I have not heard of Jellypantz, but my dad is a long time pro road biker and I used to ride with him a fair amount. I always found that ditching the undies and just using a good quality pair of biking shorts with a chamois built in prevented a lot of the aching. Also, go into a bike shop that does fittings and find out if your seat really fits. I always thought I had a good bike saddle, but turns out for the first 4 years I was in too wide of a seat (seems counter-intuitive).

I also switched to wearing tight bike shorts with chamois under my riding breeches for a while when I was training and competing a bunch of hours a day.

Good luck!


----------



## seh (May 31, 2013)

*JellyPantz*

JellyPantz Starter Kits come with a money back guarantee for first time customers. All you risk is the cost of shipping!


----------



## PinkStella (Feb 1, 2013)

seh said:


> JellyPantz Starter Kits come with a money back guarantee for first time customers. All you risk is the cost of shipping!



So you're saying I should go for it, huh?!? 

I definitely need a better pair of bike shorts. I'm hoping I can use the Jelly Pantz for both saddles. I don't want anything too bulky in either case, but I've got to do something different.


----------



## updownrider (Mar 31, 2009)

This is an old thread about JellyPantz.

http://www.horseforum.com/horse-talk/jelly-pantz-undies-riders-71271/


----------



## BoldComic (Feb 26, 2012)

Okay, despite the horrid name... I have been interested in trying them. I was going to order then I got a free undies coupon from Victoria's Secret and got a pair of no-show that are amazing for riding. However, I would still like to try the jellypantz. If you get a pair be sure to post a review.


----------



## PinkStella (Feb 1, 2013)

updownrider said:


> This is an old thread about JellyPantz.
> 
> http://www.horseforum.com/horse-talk/jelly-pantz-undies-riders-71271/


Yeah, I saw that. I read the entire thread before I posted because no one in that thread had actually tried the Jellypantz. Lots of other interesting suggestions, though, like thongs (tried it, can't stand it) and going commando (not sure I can bring myself to try that).


----------



## PinkStella (Feb 1, 2013)

BoldComic said:


> Okay, despite the horrid name... I have been interested in trying them. I was going to order then I got a free undies coupon from Victoria's Secret and got a pair of no-show that are amazing for riding. However, I would still like to try the jellypantz. If you get a pair be sure to post a review.

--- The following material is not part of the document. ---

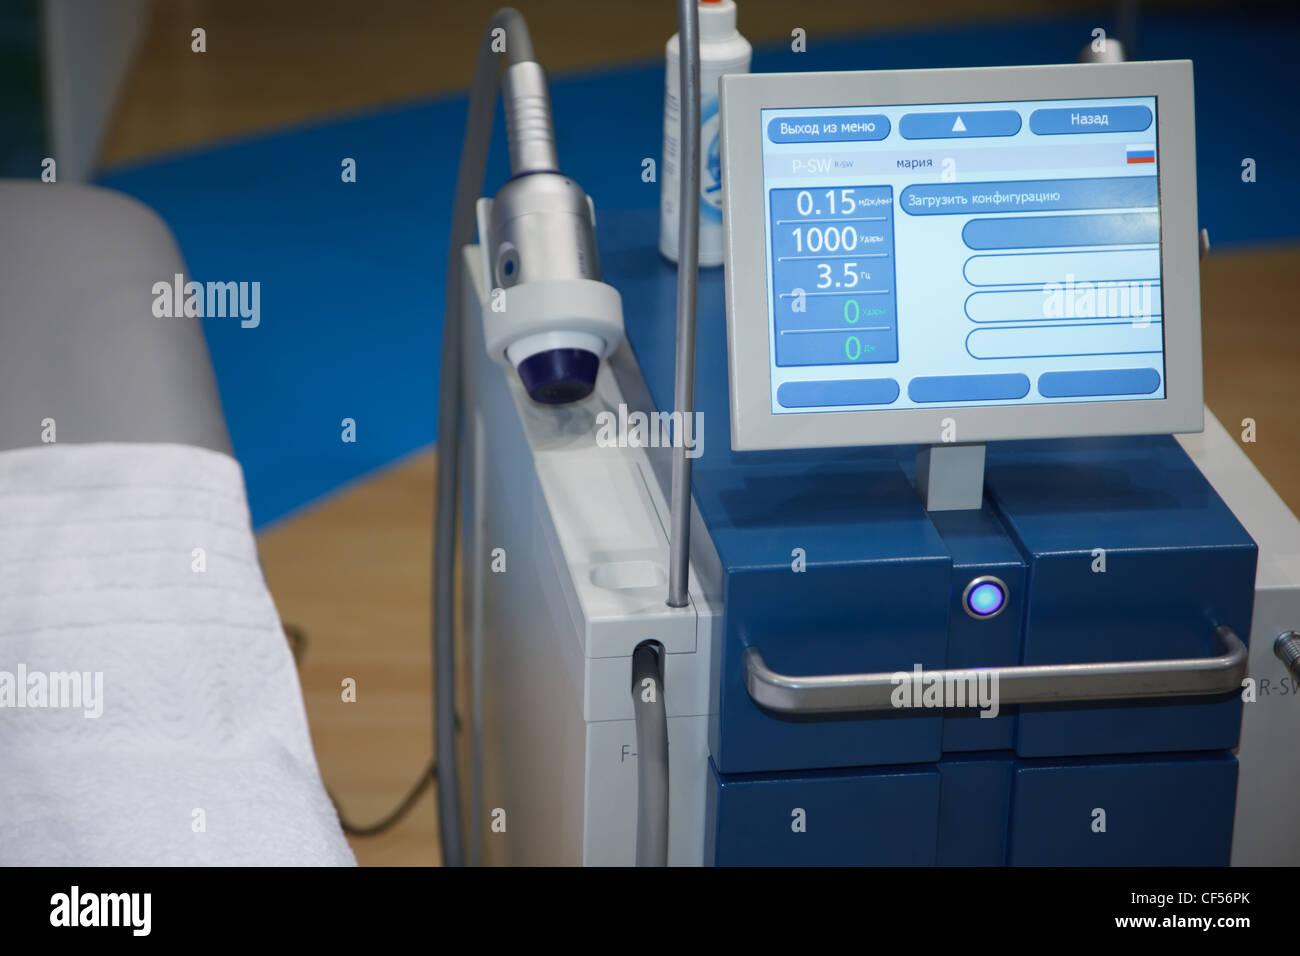 download Irrlicht 1.7 Realtime 3D Engine:

I've tried those, too! I don't like them for riding at all. Maybe I have an unusual shape? I've been wearing New Balance wicking briefs, which are the least irritating, but still irritating. Glad the no-shows are working for you! 

I've got them in my "cart," haven't yet checked out. If I do, I will definitely let you know how they are!


----------



## Northernstar (Jul 23, 2011)

If the Jellypantz don't work, I saw a (new?) product that allows 'going commando' with some sort of disposable protection that adheres secretly to one's pants - (can't remember the name, but the word, 'commando' was in it). Sounds like a pantyliner the way I describe, but looked like a really doable product actually....


----------



## PinkStella (Feb 1, 2013)

Northernstar said:


> If the Jellypantz don't work, I saw a (new?) product that allows 'going commando' with some sort of disposable protection that adheres secretly to one's pants - (can't remember the name, but the word, 'commando' was in it). Sounds like a pantyliner the way I describe, but looked like a really doable product actually....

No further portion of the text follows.